Packets have two possible states with respect to connection tracking:
Untracked packets have not previously passed through the connection
tracker, while tracked packets have previously been through the
connection tracker. For OpenFlow pipeline processing, untracked packets
can become tracked, and they will remain tracked until the end of the
pipeline. Tracked packets cannot become untracked.
Connections can be unknown, uncommitted, or committed. Packets which are
untracked have unknown connection state. To know the connection state,
the packet must become tracked. Uncommitted connections have no
connection state stored about them, so it is only possible for the
connection tracker to identify whether they are a new connection or
whether they are invalid. Committed connections have connection state
stored beyond the lifetime of the packet, which allows later packets in
the same connection to be identified as part of the same established
connection, or related to an existing connection - for instance ICMP
error responses.
The new 'ct' action transitions the packet from "untracked" to
"tracked" by sending this flow through the connection tracker.
The following parameters are supported initally:
- "commit": When commit is executed, the connection moves from
uncommitted state to committed state.

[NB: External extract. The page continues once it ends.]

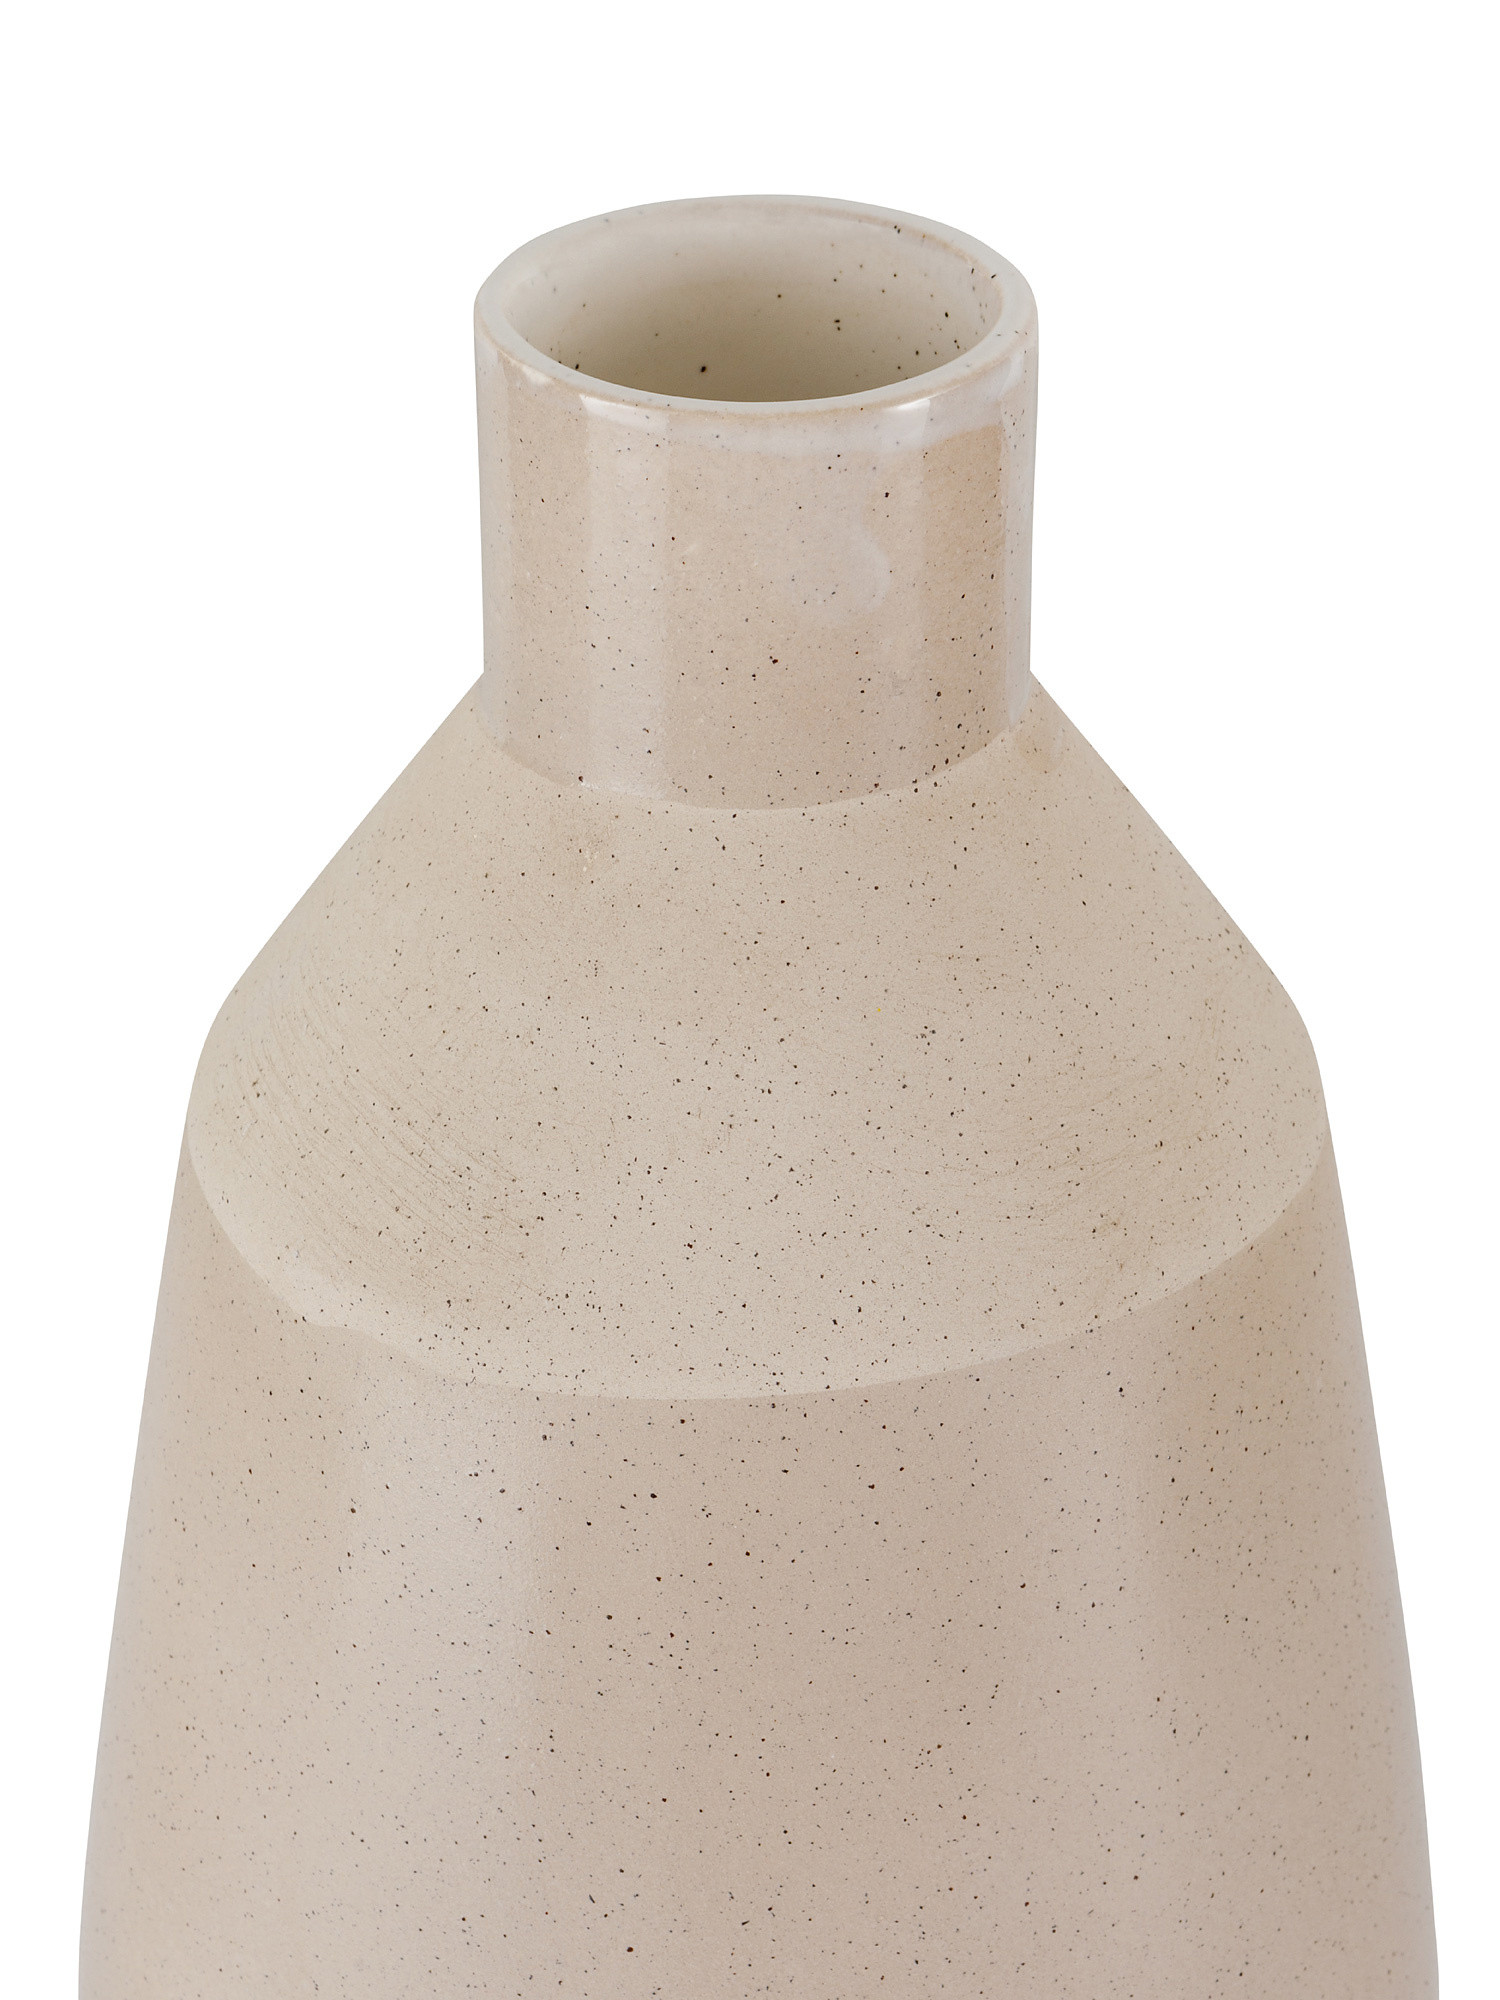 Vaso ceramica portoghese, Beige, large image number 1

This signals that information
about the connection should be stored beyond the lifetime of the
packet within the pipeline. This allows future packets in the same
connection to be recognized as part of the same "established" (est)
connection, as well as identifying packets in the reply (rpl)
direction, or packets related to an existing connection (rel).
- "zone=[u16|NXM]": Perform connection tracking in the zone specified.
Each zone is an independent connection tracking context. When the
"commit" parameter is used, the connection will only be committed in
the specified zone, and not in other zones. This is 0 by default.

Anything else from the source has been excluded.